#### [PROVIDED DATA]
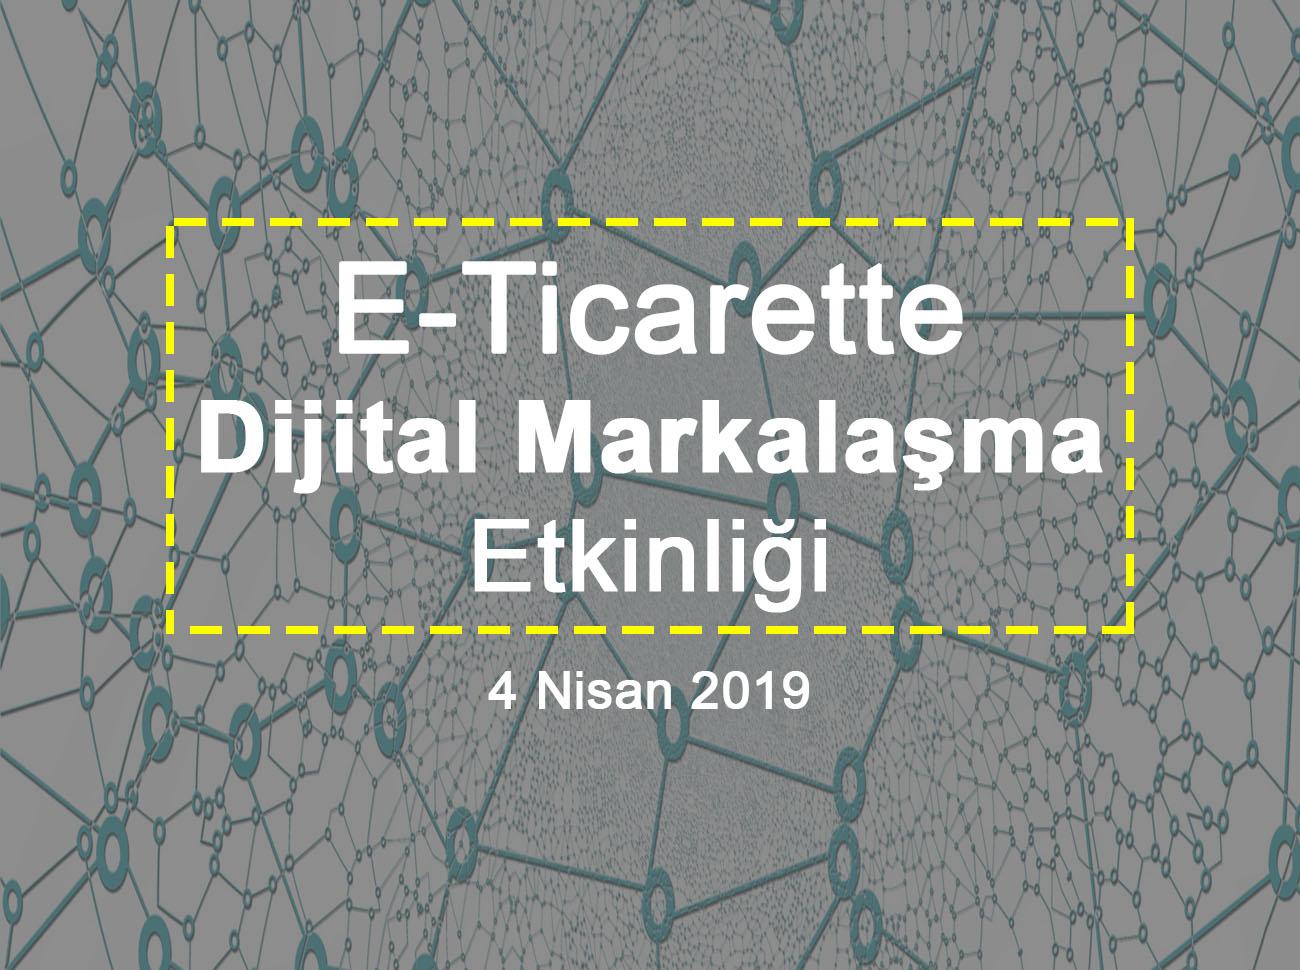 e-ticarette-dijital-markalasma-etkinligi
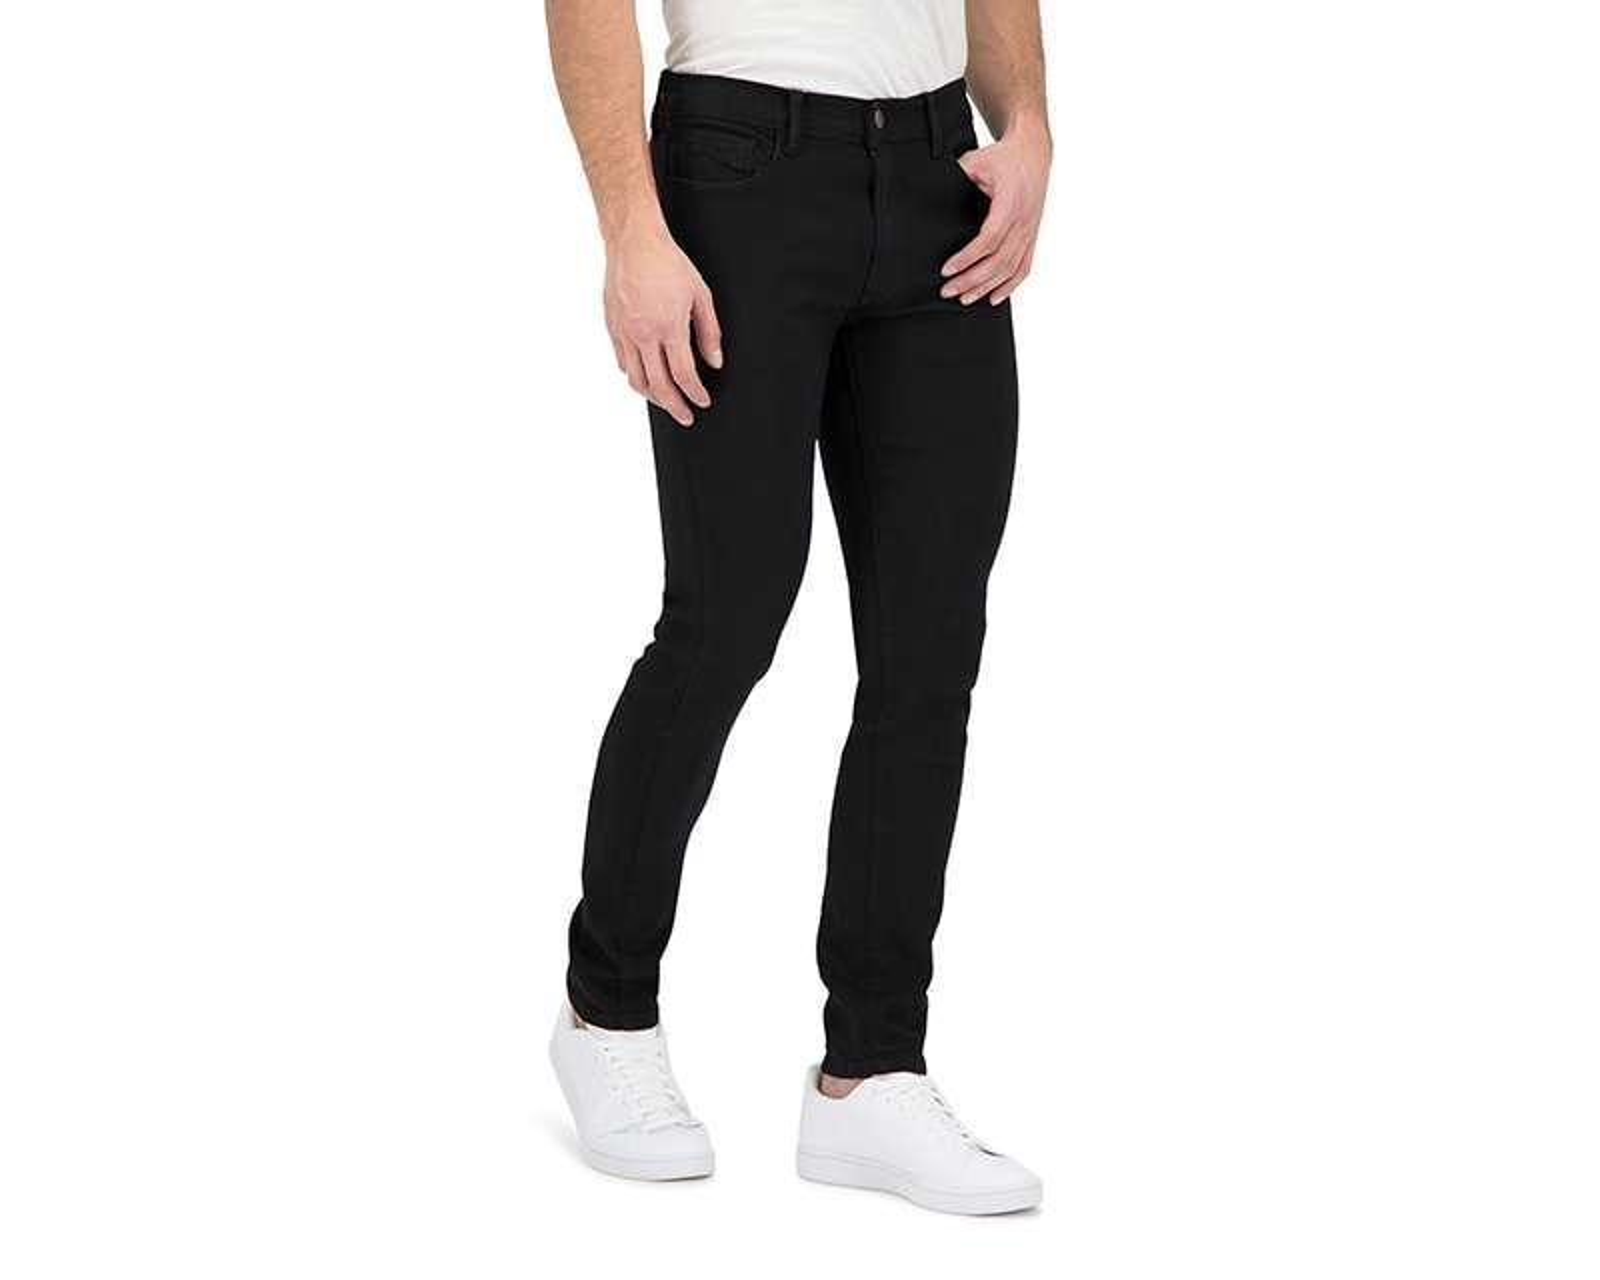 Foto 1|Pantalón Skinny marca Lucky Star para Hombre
==
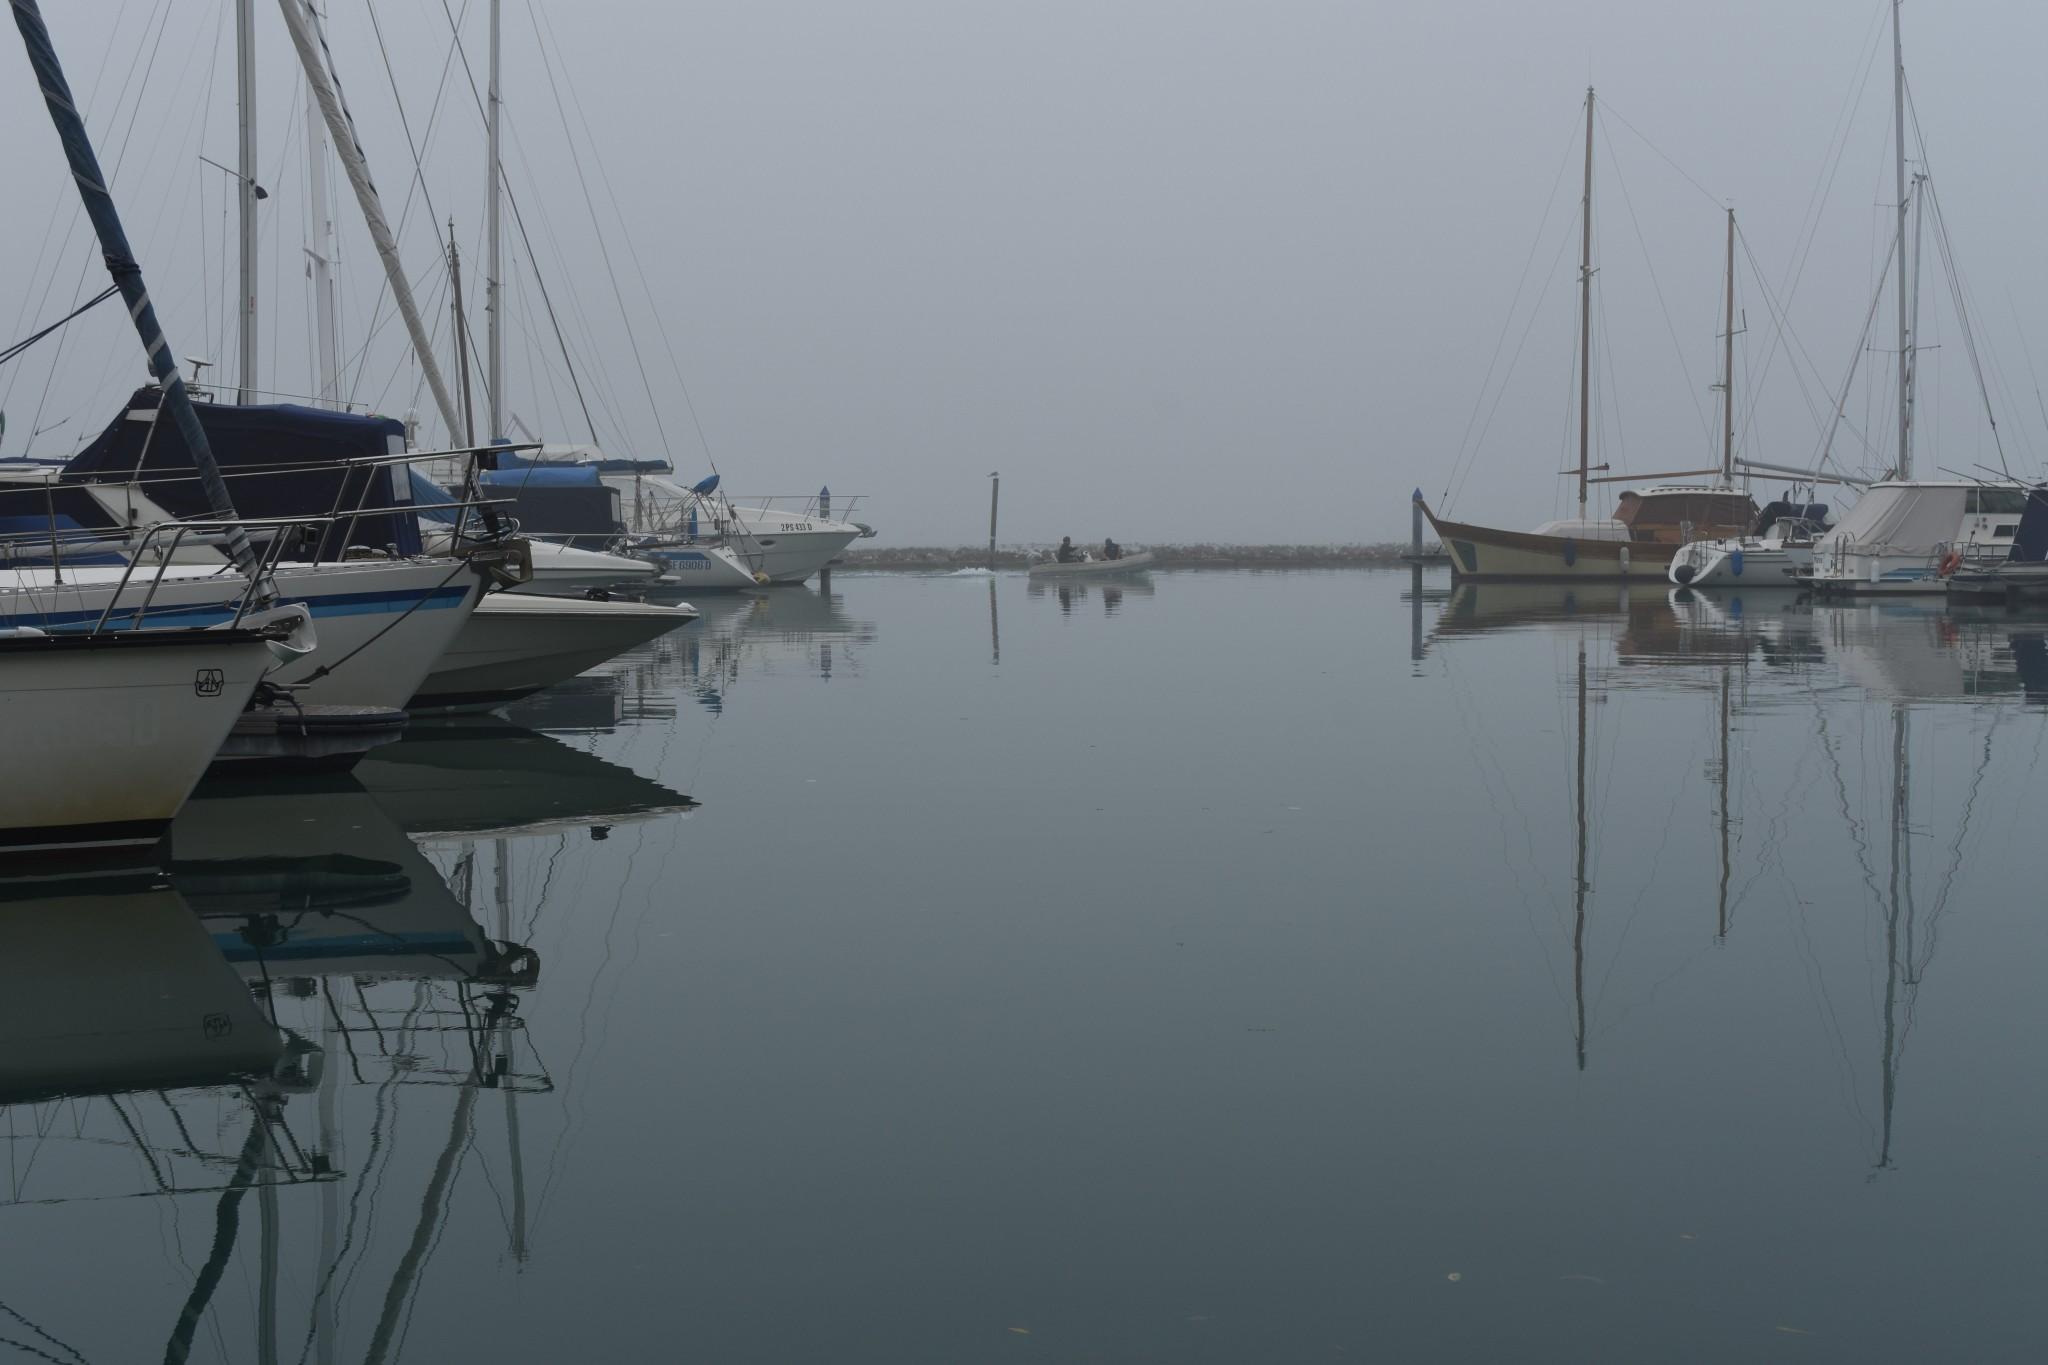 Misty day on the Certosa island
...
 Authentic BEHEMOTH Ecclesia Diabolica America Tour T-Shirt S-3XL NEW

#### [PROBLEM]
The output is the stretch above from the line with "e-ticarette-dijital-markalasma-etkinligi" through the line with "Foto 1|Pantalón Skinny", copied word for word with both ends kept and every picture dropped.

#### [TASK RESPONSE]
 e-ticarette-dijital-markalasma-etkinligi
 Foto 1|Pantalón Skinny marca Lucky Star para Hombre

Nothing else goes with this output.